Could automation save the foodservice industry?
Tight profit margins and increasing labour costs may force reinvention of the foodservice industry, with automation offering the potential to offset increasing wage costs.
A study by US researchers has found that businesses in the foodservice industry are significantly more labour intensive and have decreasing returns to scale compared to other service industries, and that simply raising prices to become profitable may not solve the core problem.
“Some aspects of the foodservice model will have to be rethought,” said Amit Sharma, associate professor of hospitality management, Penn State. “Professionals in the foodservice industry need to find a way that will be economically viable and sustainable in the future, which might mean rethinking the model of how the business is being run.”
The researchers, who report their findings in the International Journal of Contemporary Hospitality Management, said that compared to other industries, the foodservice industry performed significantly differently in intermediate input. A key indicator of the partly finished goods value that an industry produces, intermediate input is calculated by taking an industry’s gross output and subtracting its value added — employee compensation, taxes on production and imports less duties and gross operating surplus.

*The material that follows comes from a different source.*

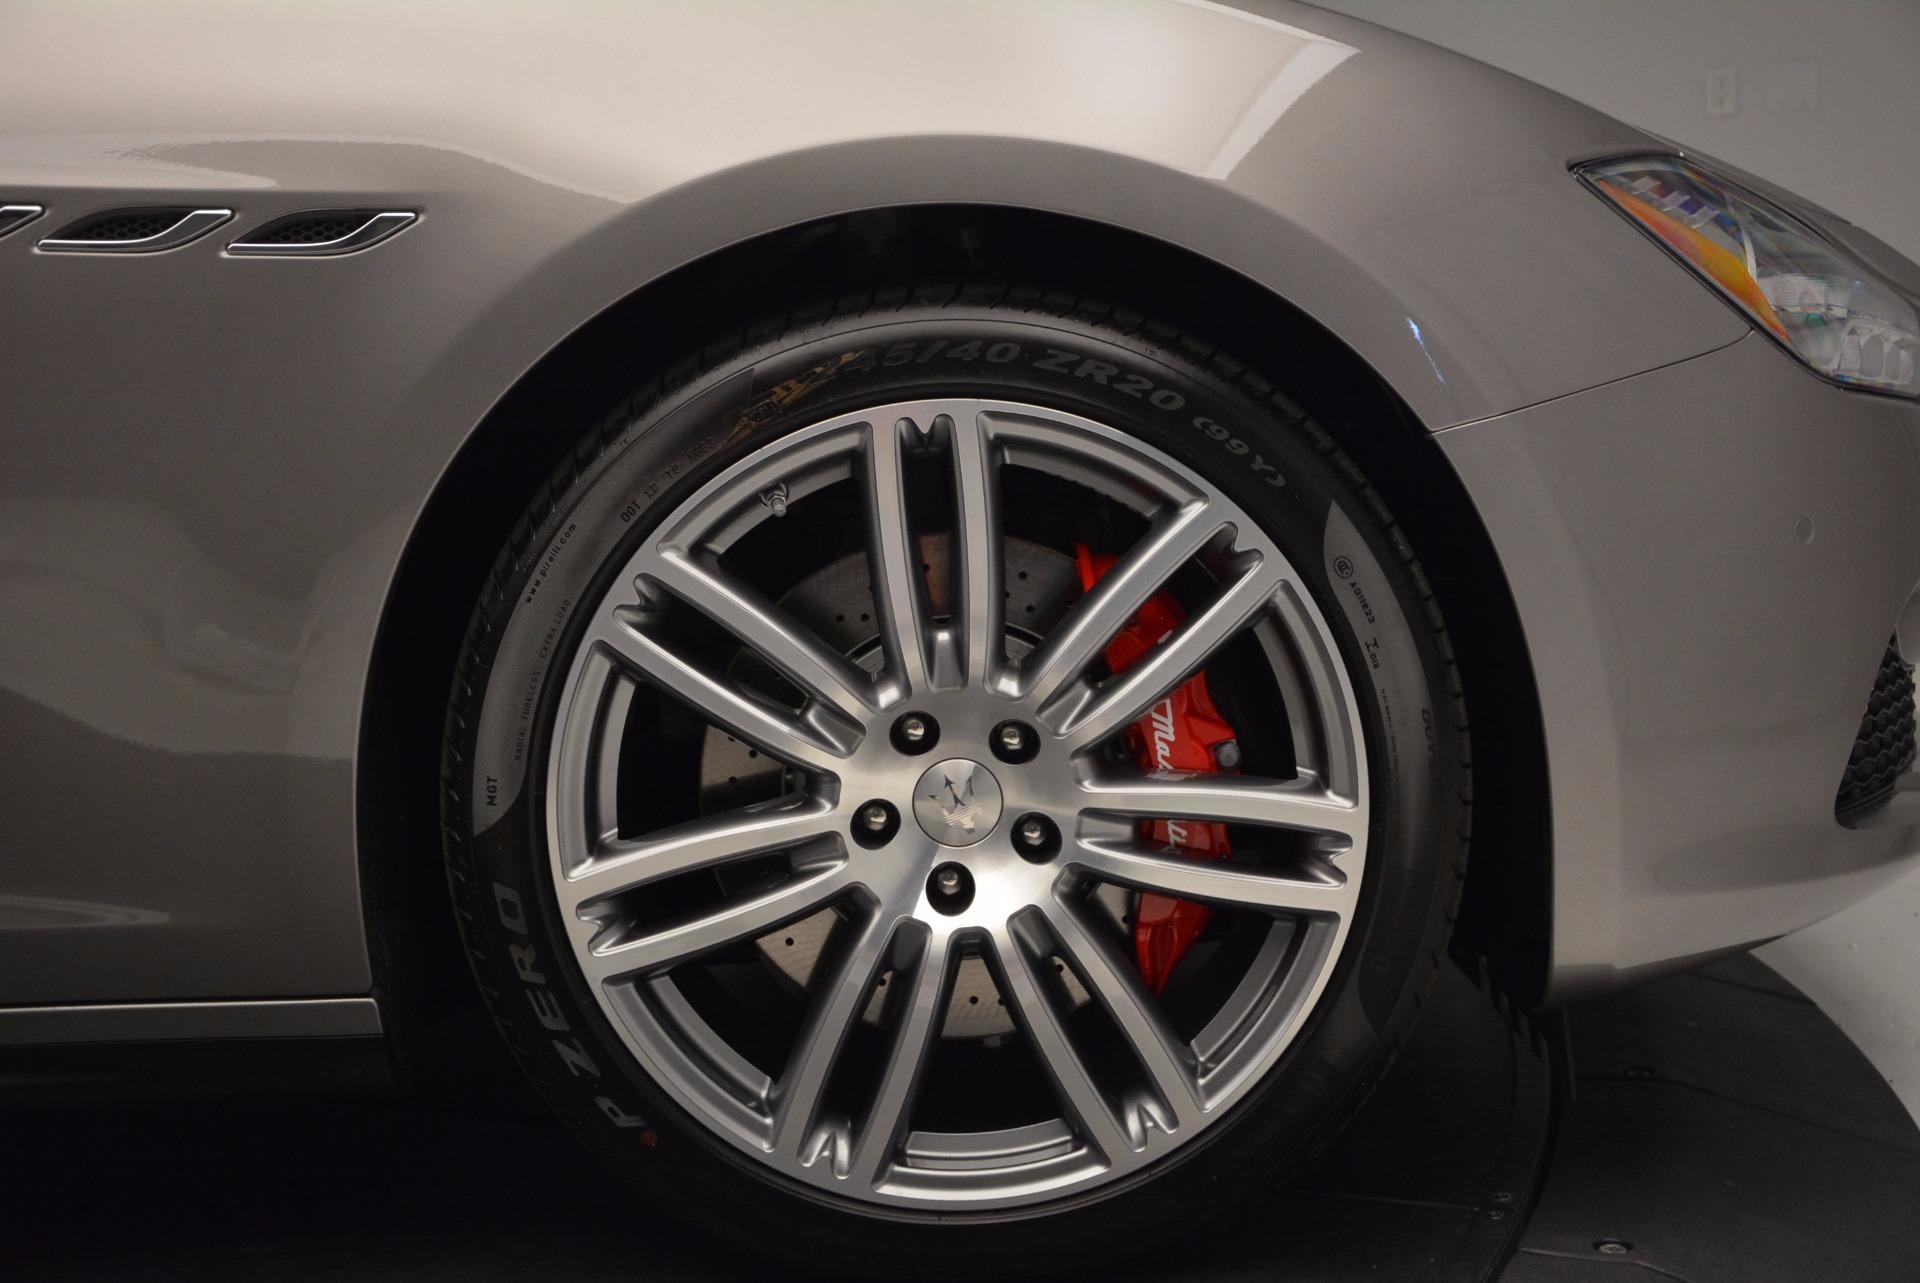 Used 2015 Maserati Ghibli S Q4 For Sale In Westport, CT 1290_p26

“Intermediate input measures what goods and services an industry is either getting from its suppliers and/or how much value the industry is adding before they pass the final product onto consumers,” said Sharma. “In this case, restaurant owners may buy raw vegetables, turn them into a meal and then sell that dish to customers, or buy prepared vegetables, such as chopped lettuce and use them to create the meal or dish.”
The intermediate input for the foodservice industry is actually negative, while all other service industries showed a positive intermediate input, according to the research.
“So, what this means is that if your intermediate input is negative, either the industry gross output is low, or value added is high,” said Sharma.
The study shows that the foodservice industry gross output is also relatively lower than that of other service industries and that foodservice businesses have decreasing returns to scale. This means that increasing all inputs would lead to disproportionately lower increase in total output.
Sharma said that businesses could better use automation and technology to improve efficiency and save on labour costs.
“We are not talking about robotic restaurants, but we are now looking at where automation makes sense,” Sharma said. “Small measures of automation can also help, as long as it is focused on increased customer service while increasing labour efficiencies.”
For example, a restaurant could install technology that lets customers alert staff when they need assistance, rather than have the staff check on them every few minutes.
“There have been similar studies, for instance, in the manufacturing industry, but we wanted to compare our industry — hotel, restaurant and recreation-gaming industries — with the rest of the service sector,” said Sharma.